■ **Provided material**
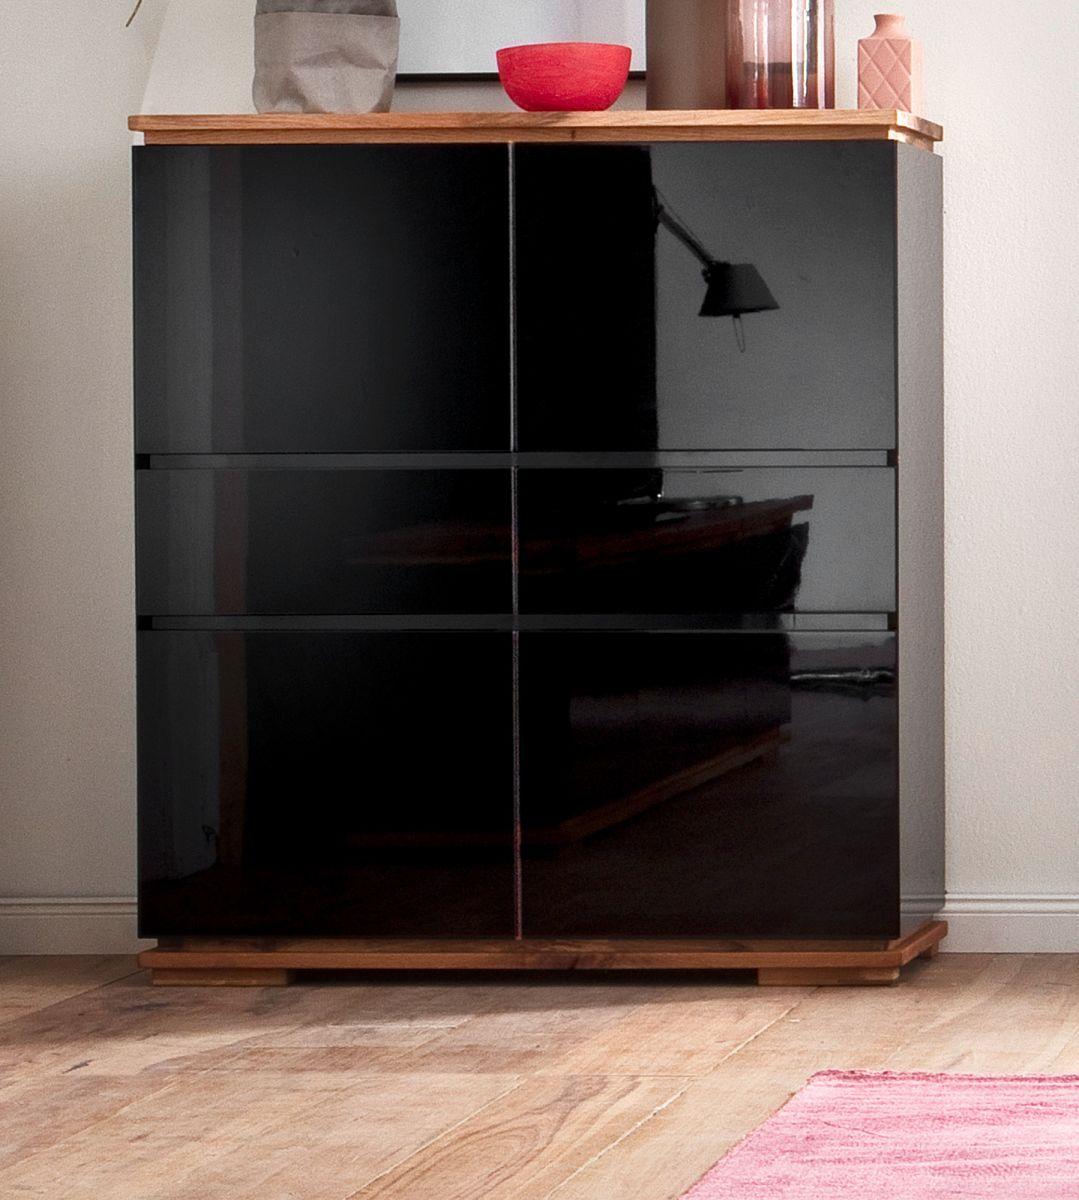 Highboard Chiaro schwarz Hochglanz Lack und Eiche - Asteiche massiv 102 x 115 cm
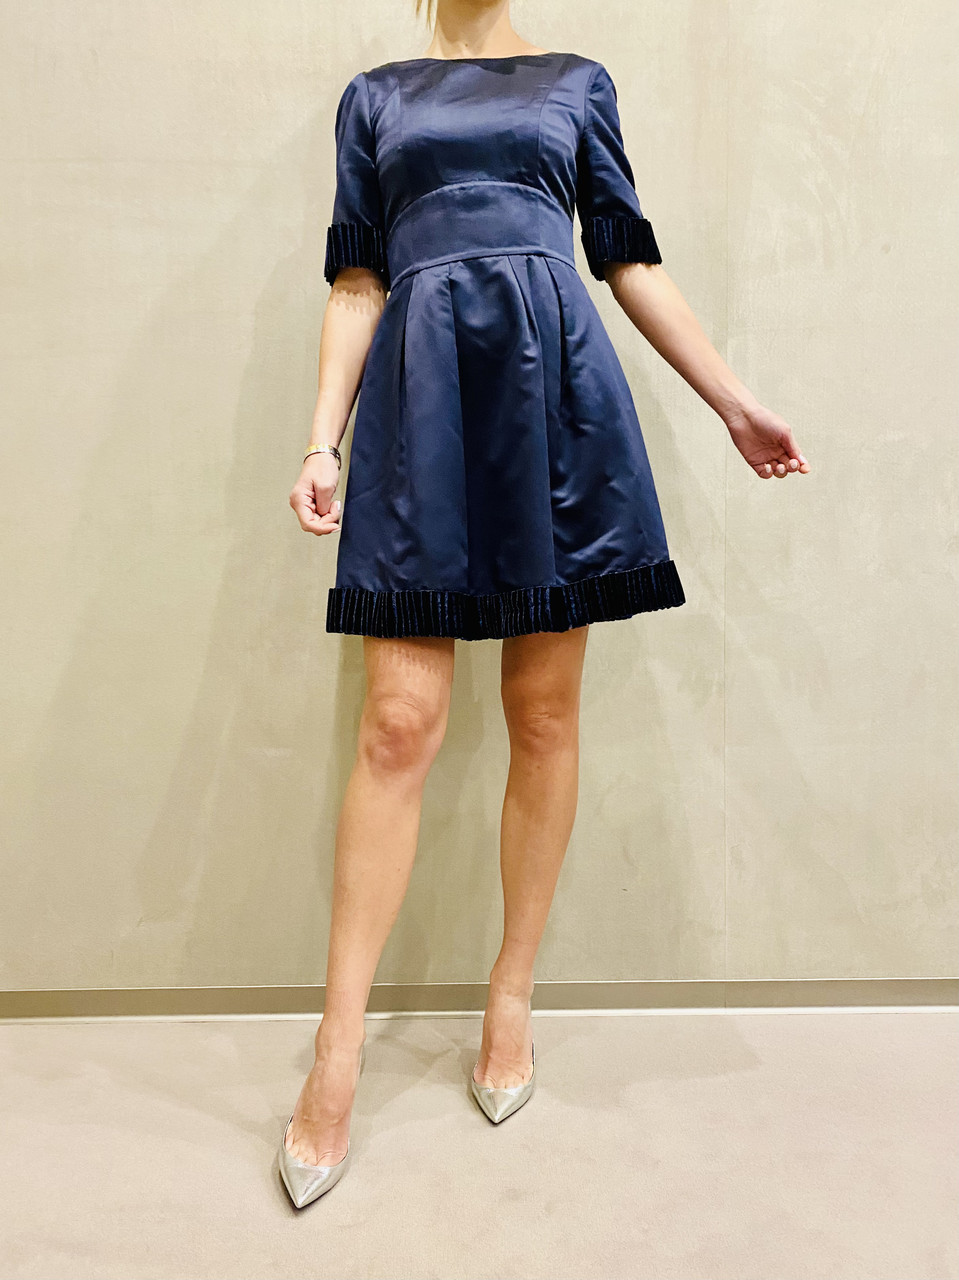 Платье женское коктейльное короткое темно синее с коротким рукавом молодежное стильное яркое
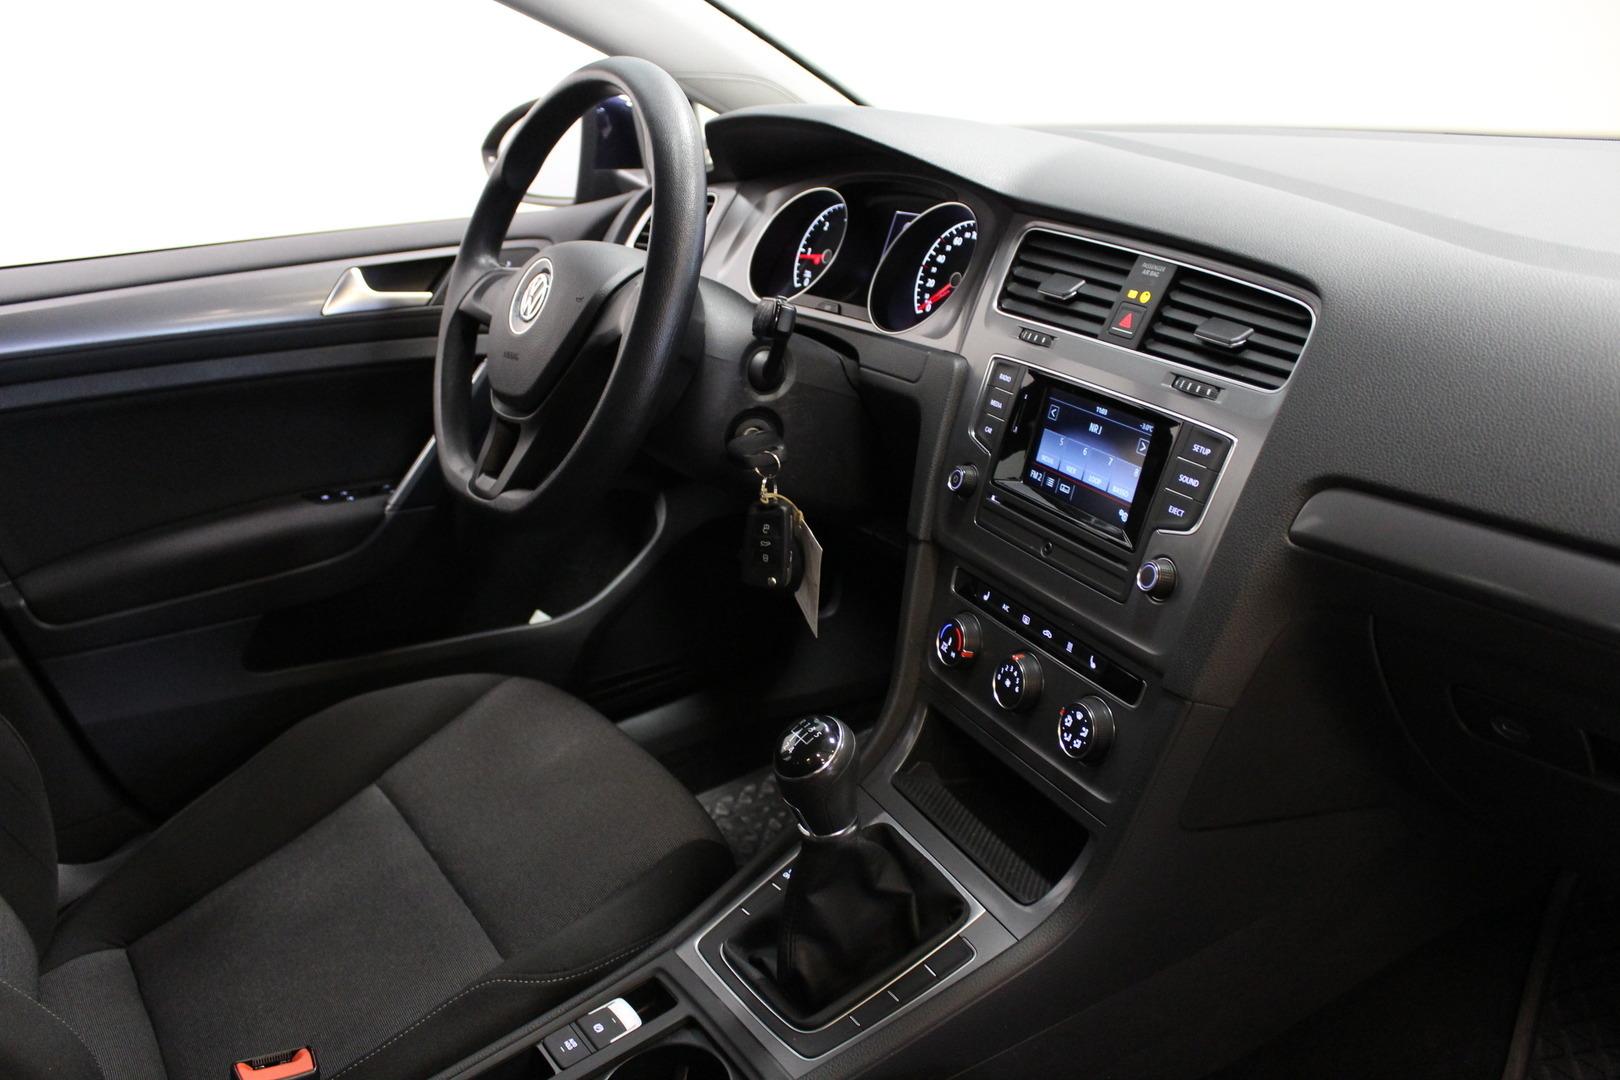 Volkswagen Golf, 1,6 TDI (90 hv) BlueMotion Technology #Webasto #1-Omisteinen #Siisti **Juuri tullut**

■ **What the task asks**
Please set down the data above exactly as given, leaving every picture out.

■ **Output**
 Highboard Chiaro schwarz Hochglanz Lack und Eiche - Asteiche massiv 102 x 115 cm
 Платье женское коктейльное короткое темно синее с коротким рукавом молодежное стильное яркое
 Volkswagen Golf, 1,6 TDI (90 hv) BlueMotion Technology #Webasto #1-Omisteinen #Siisti **Juuri tullut**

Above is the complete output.